Write out the lines below exactly, beginning at the one with "Seiko SKX007J1 Japan" and stopping after the one with "Lower body anatomy, artwork - Stock Image"; the pictures are not copied.

▶ _Source data_

=== Begin Enclosure ===

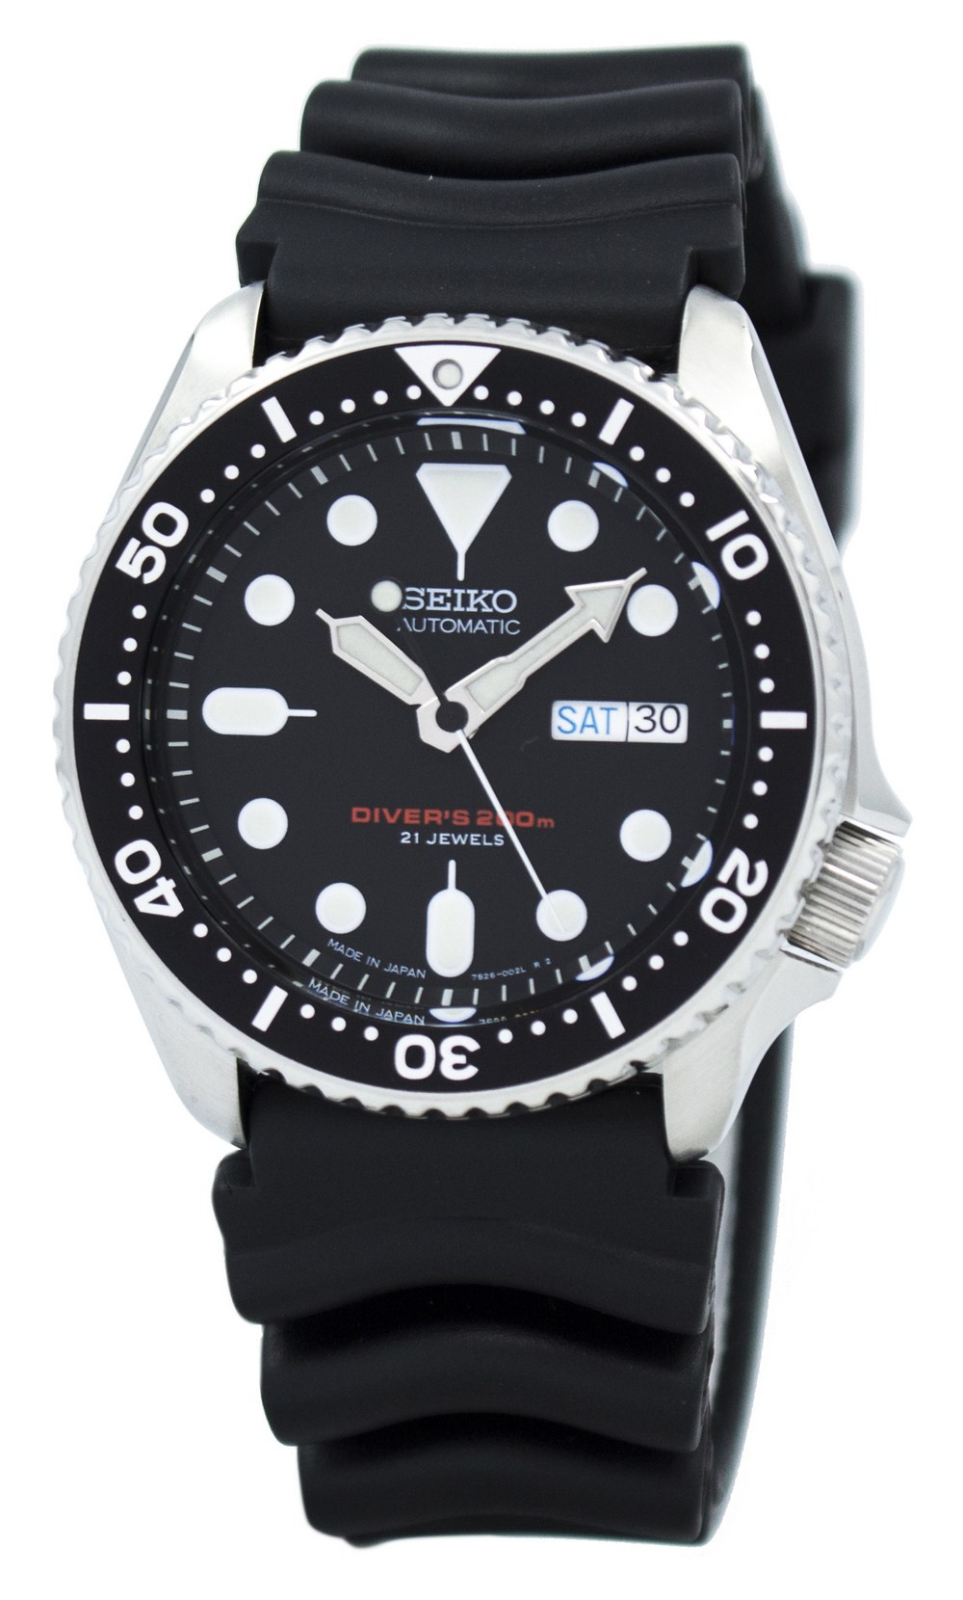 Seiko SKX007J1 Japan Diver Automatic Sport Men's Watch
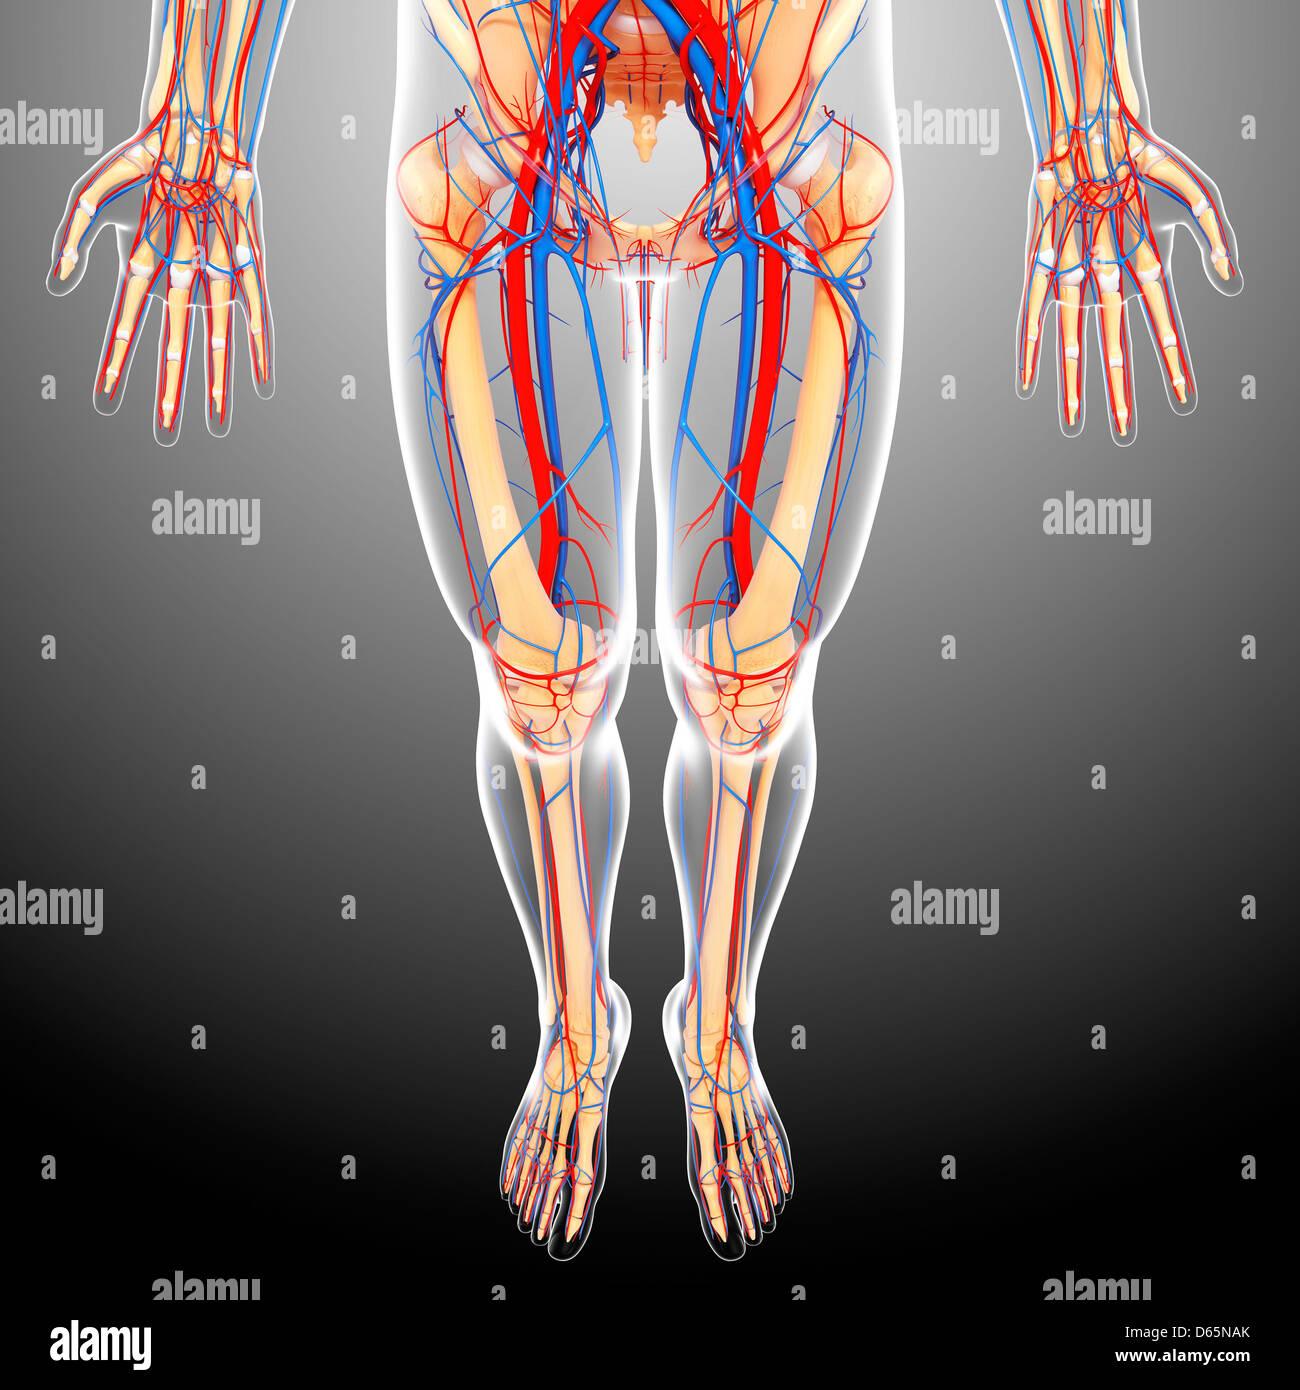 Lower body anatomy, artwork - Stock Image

=== End Enclosure ===
=== Begin Enclosure ===

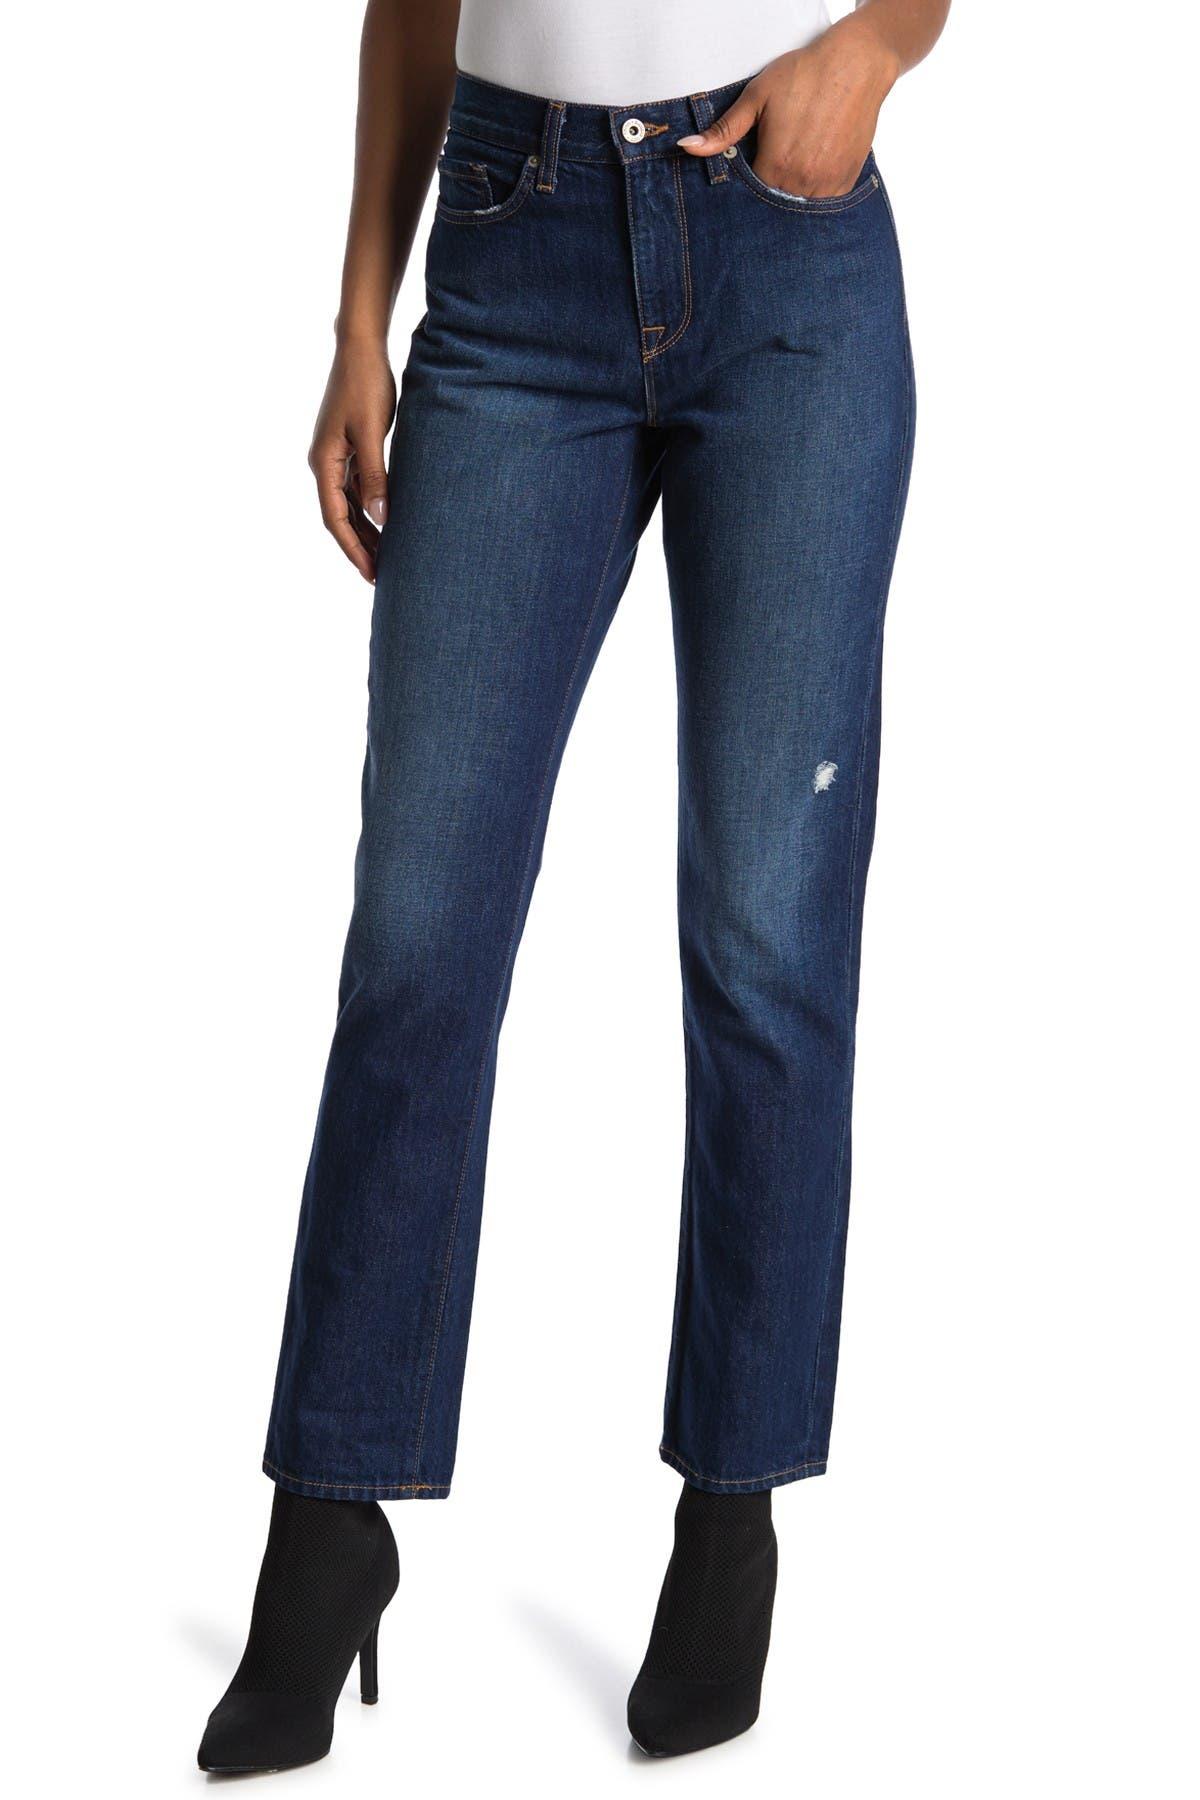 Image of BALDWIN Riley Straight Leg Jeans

=== End Enclosure ===

▶ _Solved problem_
 Seiko SKX007J1 Japan Diver Automatic Sport Men's Watch
 Lower body anatomy, artwork - Stock Image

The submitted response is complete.